Yap, including selfmade data collections into the core of a game engine is a decision that should not be made lightly. The whole reason I found out about this performance issue was because I was quite frankly furious because there was no substantial and reproducable performance data provided, yet assumptions were running wild.
At that point I thought: am I going to just believe it, or am I going to verify it because I prefer to *know*?
[…] common use case.) Now, there is some contention about the speed of ccArray in cocos2d. For example, this post argues that it’s unfair to count the NSNumber wrapping time against NSMutableArray. Well, […]
[…] been over a year since I last compared the performance of CCArray with NSArray and NSMutableArray. While doing these tests I found that CCArray’s insertObjectAtIndex and removeObjectAtIndex […]
The second to last test, removeObjectAtIndex, isnt really interesting because CCarray remakes the array while nsmutablearray does not. What I would be really curious to see is how CCArrays’s fastRemoveObjectAtIndex stacks up against these. It sacrifices order for speed by moving the last object into the spot of the deleted object.

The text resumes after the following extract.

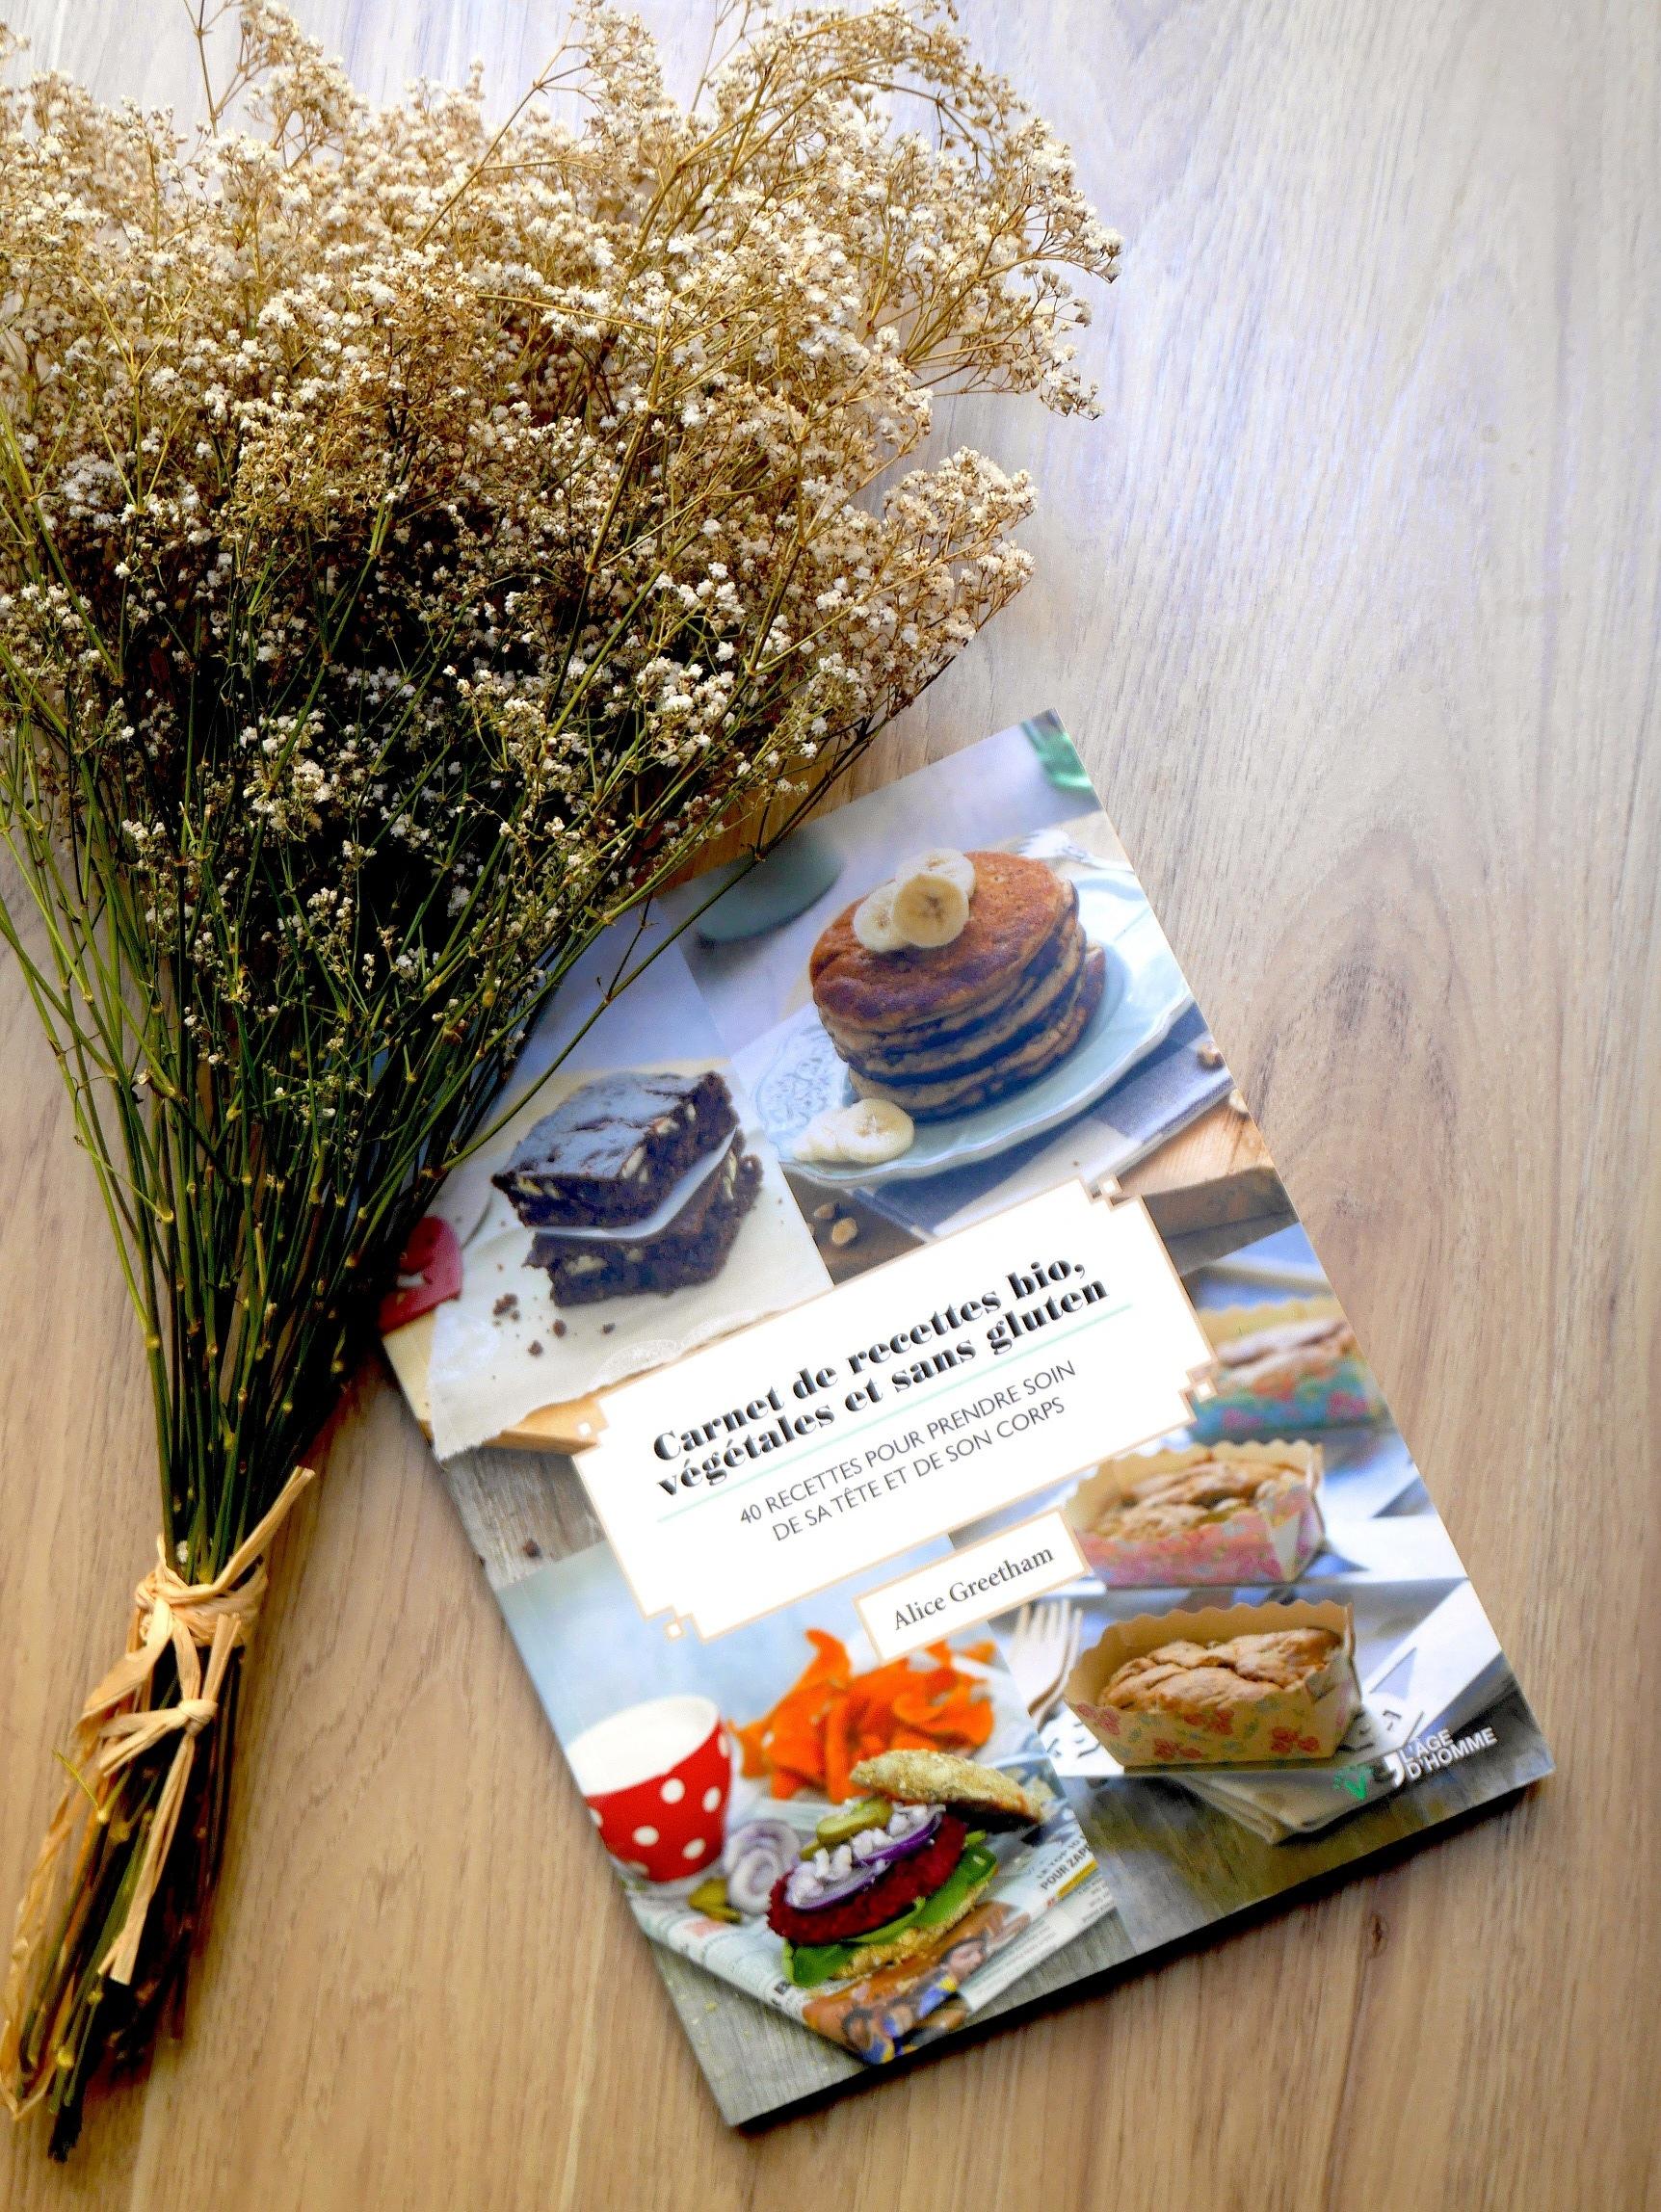 """Coup de coeur pour """"Carnet de recettes bio, végétales et sans gluten"""" d'Alice Greetham !"""
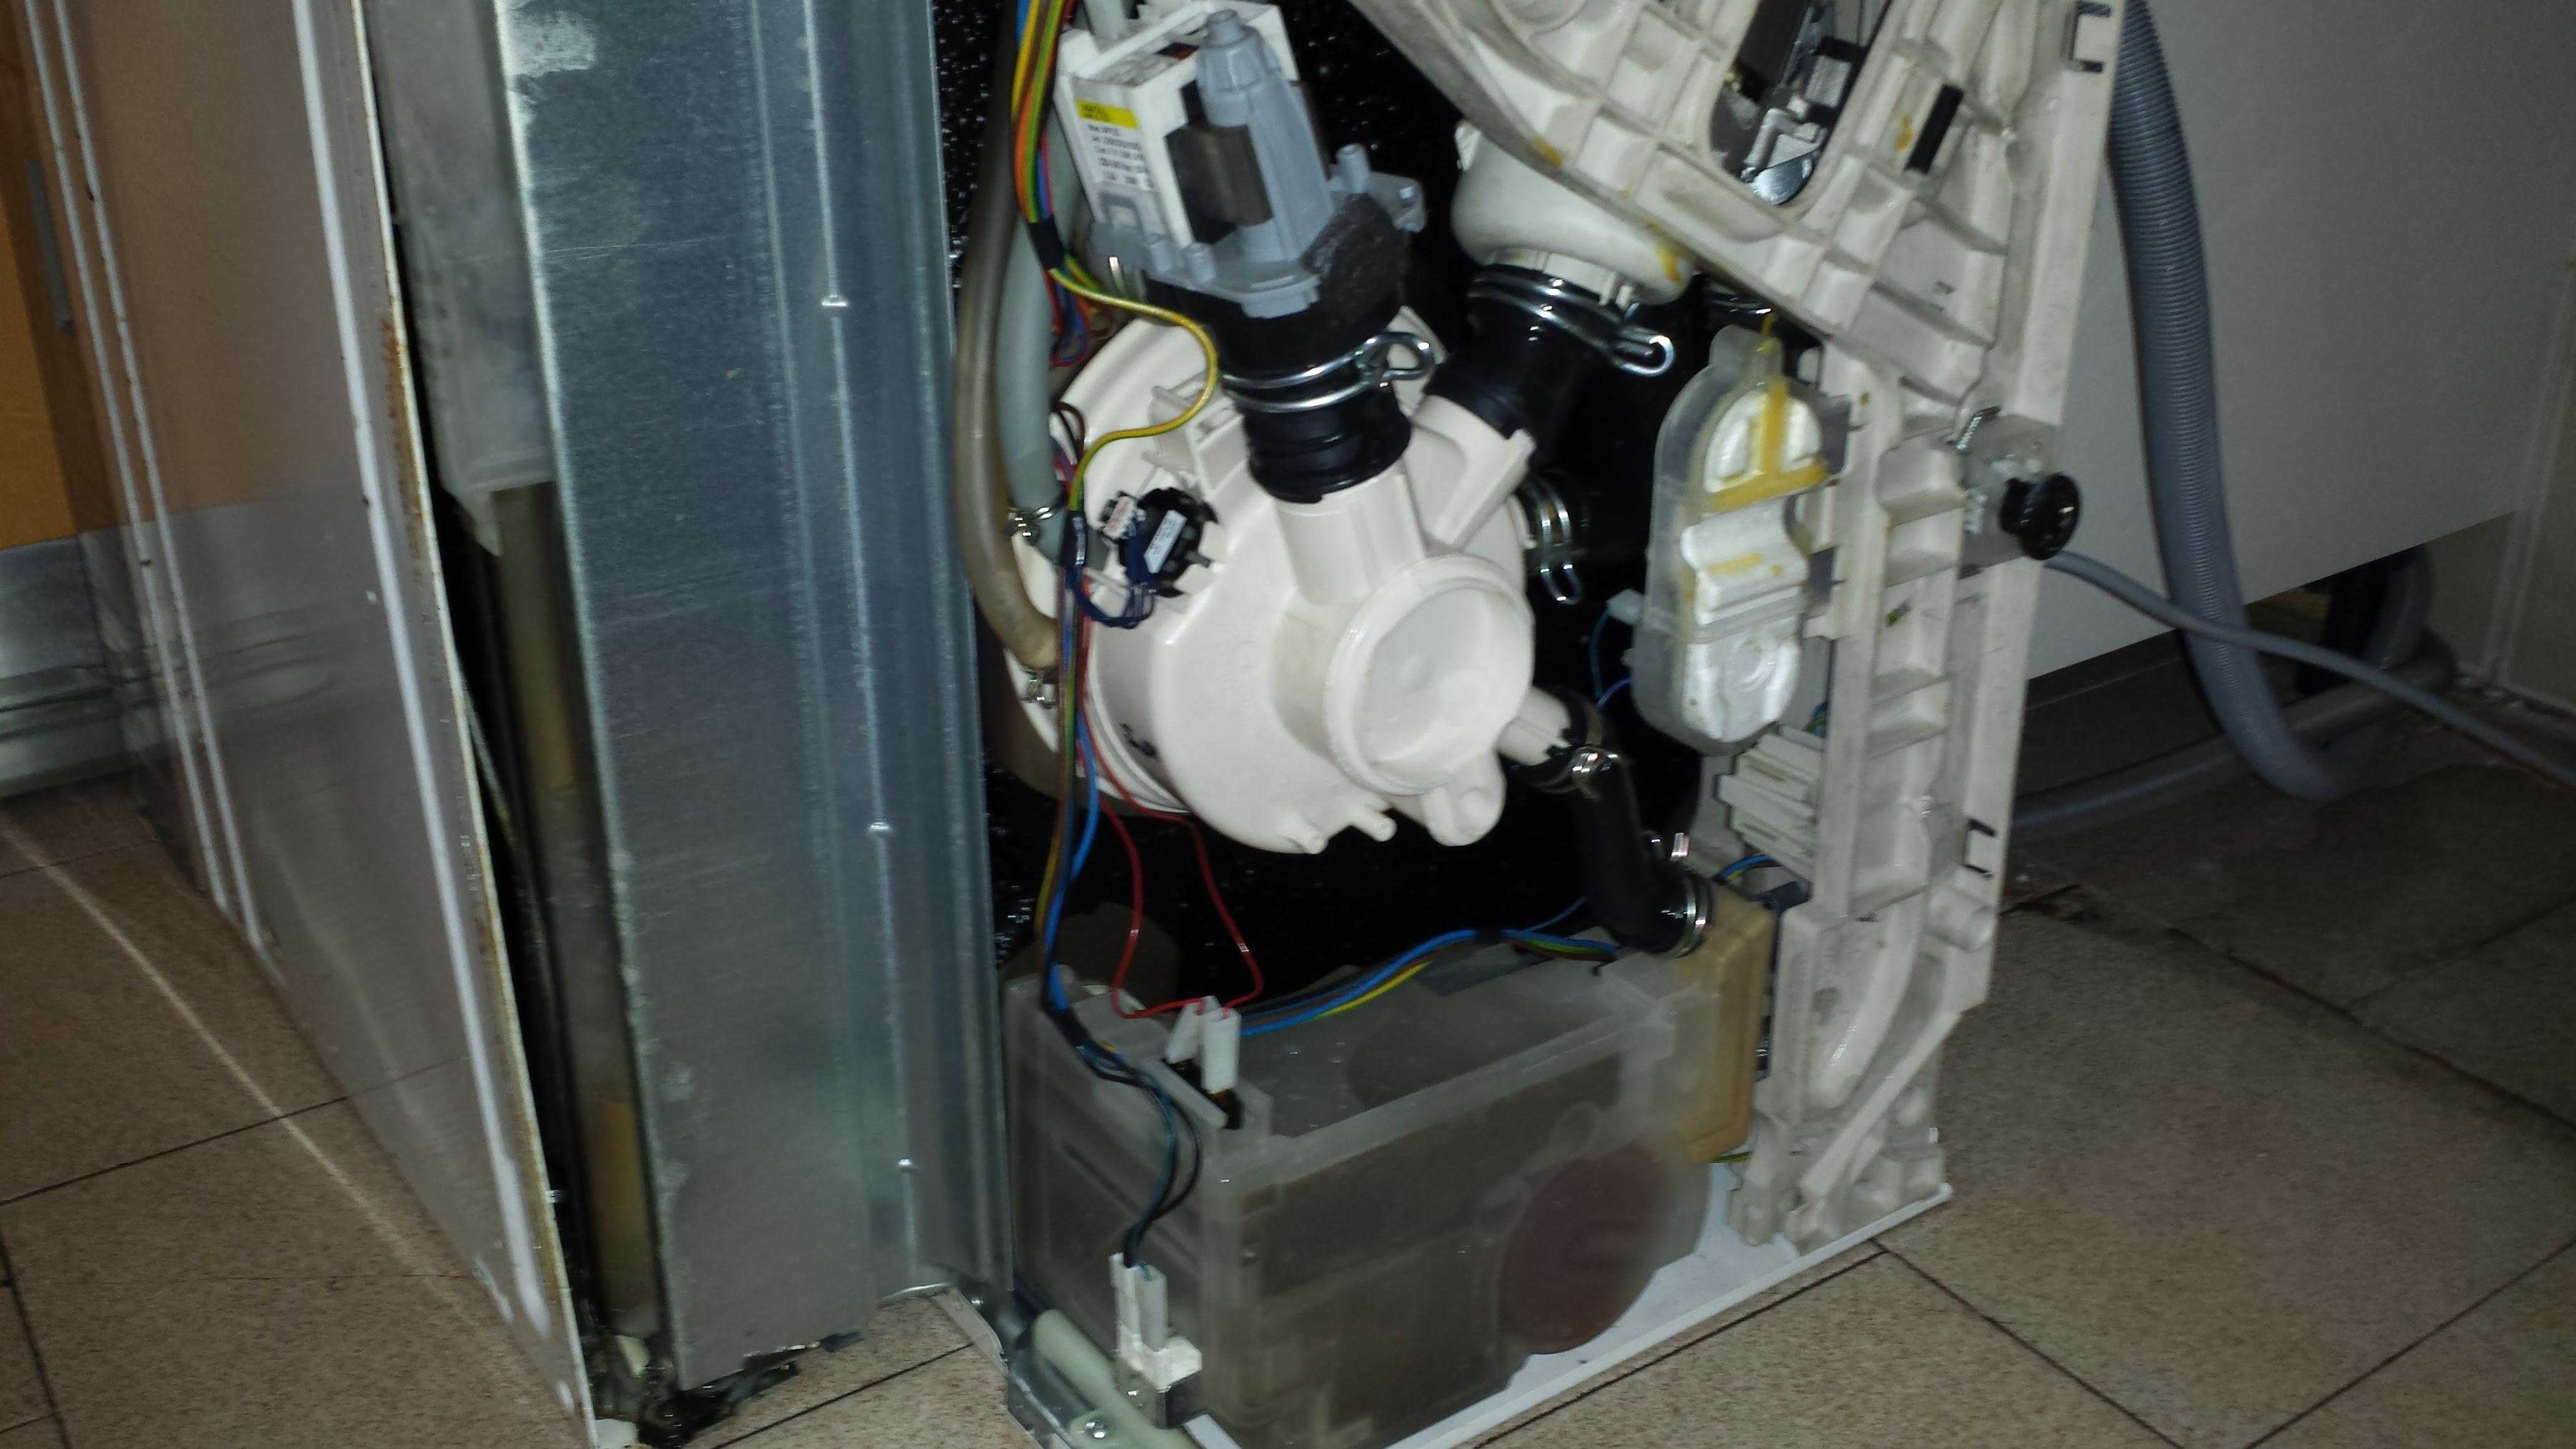 Sostituzione galleggiante lavastoviglie rex tt08e +Assistenza Rex a ...

I purposefully left that out because this method violates the idea of an array’s elements remaining in the order they were added to it, unless you explicitly insert or swap elements. In cocos2d using this method can have undesired side effects, like changing the order in which nodes are drawn. This is the kind of optimization I frown upon having in a public API, meaning one that creates (not so obvious) side-effects in favor of speed. I worry that posting better performance results for this method might drive people to use it without fully understanding the consequences. And who does, really? I ran into an issue that cost me 2 hours of my time because I was using this method and it changed the order in which the nodes were updated.